Uh, what I did was to pair the new update_page_vm with the existing
PageSetChecksumInplace calls, figuring if we needed a checksum before we
wrote the page we would need a update_page_vm too.  Is that incorrect?
It is that _last_ page write in the second instance.

> > + static void
> > + update_page_vm(Relation relation, Page page, BlockNumber blkno)
> > + {
> > +     Buffer        vmbuffer = InvalidBuffer;
> > +     TransactionId visibility_cutoff_xid;
> > +
> > +     visibilitymap_pin(relation, blkno, &vmbuffer);
> > +     Assert(BufferIsValid(vmbuffer));
> > +
> > +     if (!visibilitymap_test(relation, blkno, &vmbuffer) &&
> > +         heap_page_is_all_visible(relation, InvalidBuffer, page,
> > +                                  &visibility_cutoff_xid))
> > +     {
> > +         PageSetAllVisible(page);
> > +         visibilitymap_set(relation, blkno, InvalidBuffer,
> > +                           InvalidXLogRecPtr, vmbuffer, visibility_cutoff_xid);
> > +     }
> > +     ReleaseBuffer(vmbuffer);
> > + }
>
> How could visibilitymap_test() be true here?
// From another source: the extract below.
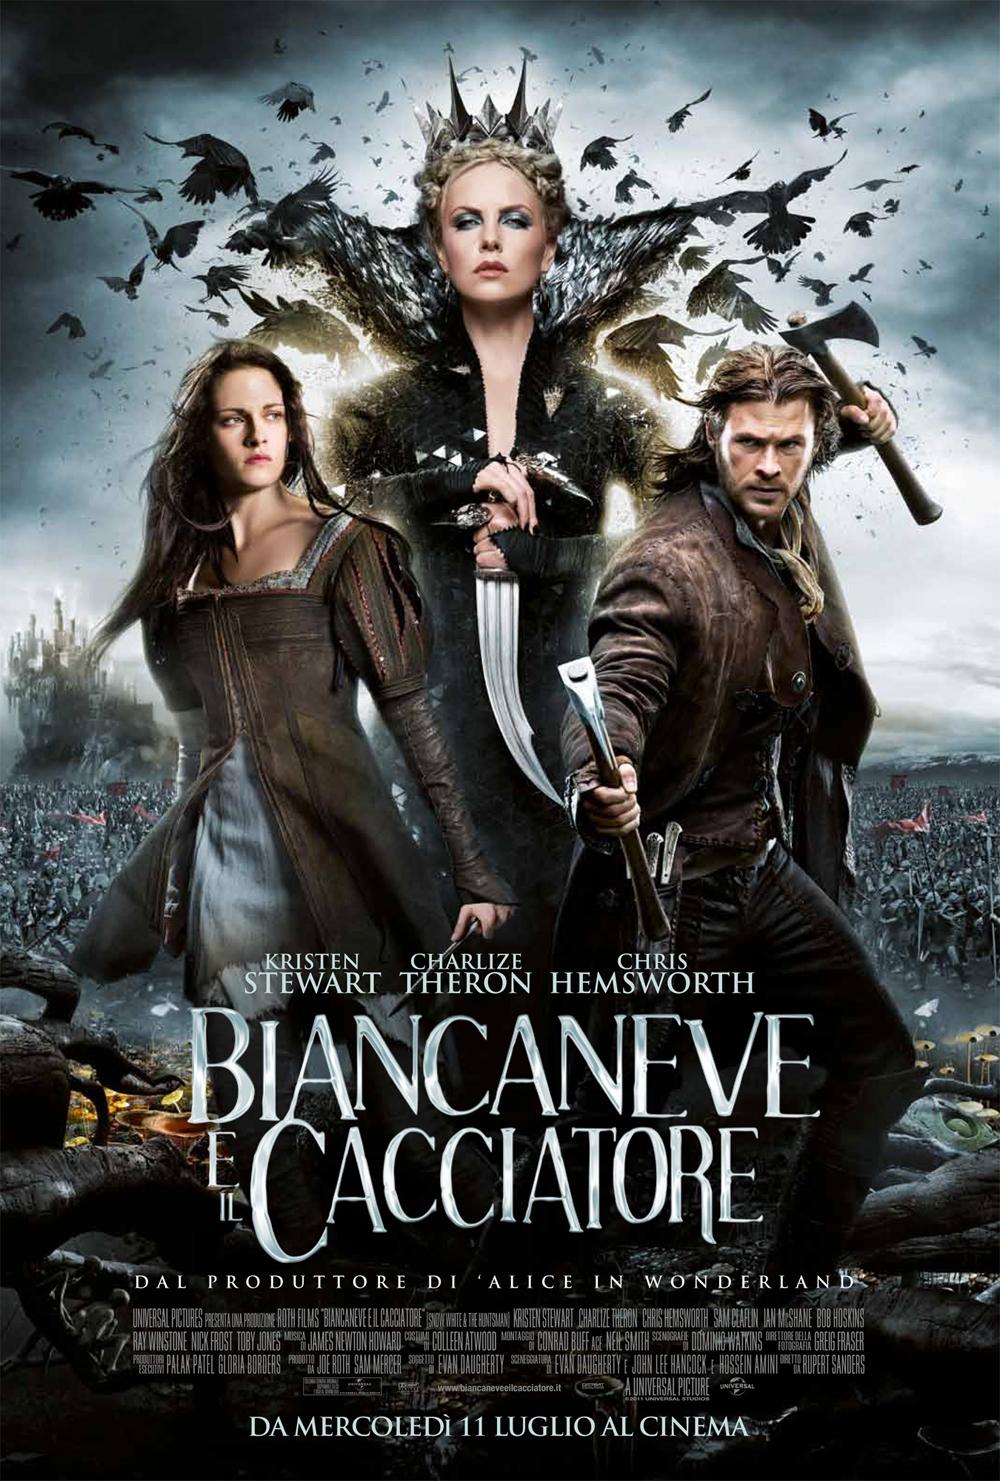 Biancaneve E Il Cacciatore Recensione Film Film 4 Life Curiosi Di Cinema

Oh, you are right that I can only hit that once per page;  test removed.

> > diff --git a/src/backend/access/heap/visibilitymap.c b/src/backend/access/heap/visibilitymap.c
> > new file mode 100644
> > index 899ffac..3e7546b
> > *** a/src/backend/access/heap/visibilitymap.c
> > --- b/src/backend/access/heap/visibilitymap.c
> > *************** visibilitymap_set(Relation rel, BlockNum
> > *** 257,263 ****
> >   #endif
> >
> >       Assert(InRecovery || XLogRecPtrIsInvalid(recptr));
> > -     Assert(InRecovery || BufferIsValid(heapBuf));
> >
> >       /* Check that we have the right heap page pinned, if present */
> >       if (BufferIsValid(heapBuf) && BufferGetBlockNumber(heapBuf) != heapBlk)
> > --- 257,262 ----
> > *************** visibilitymap_set(Relation rel, BlockNum
> > *** 278,284 ****
> >           map[mapByte] |= (1 << mapBit);
> >           MarkBufferDirty(vmBuf);
> >
> > !         if (RelationNeedsWAL(rel))
> >           {
> >               if (XLogRecPtrIsInvalid(recptr))
> >               {
> > --- 277,283 ----
> >           map[mapByte] |= (1 << mapBit);
> >           MarkBufferDirty(vmBuf);
> >
> > !         if (RelationNeedsWAL(rel) && BufferIsValid(heapBuf))
> >           {
> >               if (XLogRecPtrIsInvalid(recptr))
> >               {
>
> At the very least this needs to revise visibilitymap_set's comment about
> the requirement of passing a buffer unless !InRecovery.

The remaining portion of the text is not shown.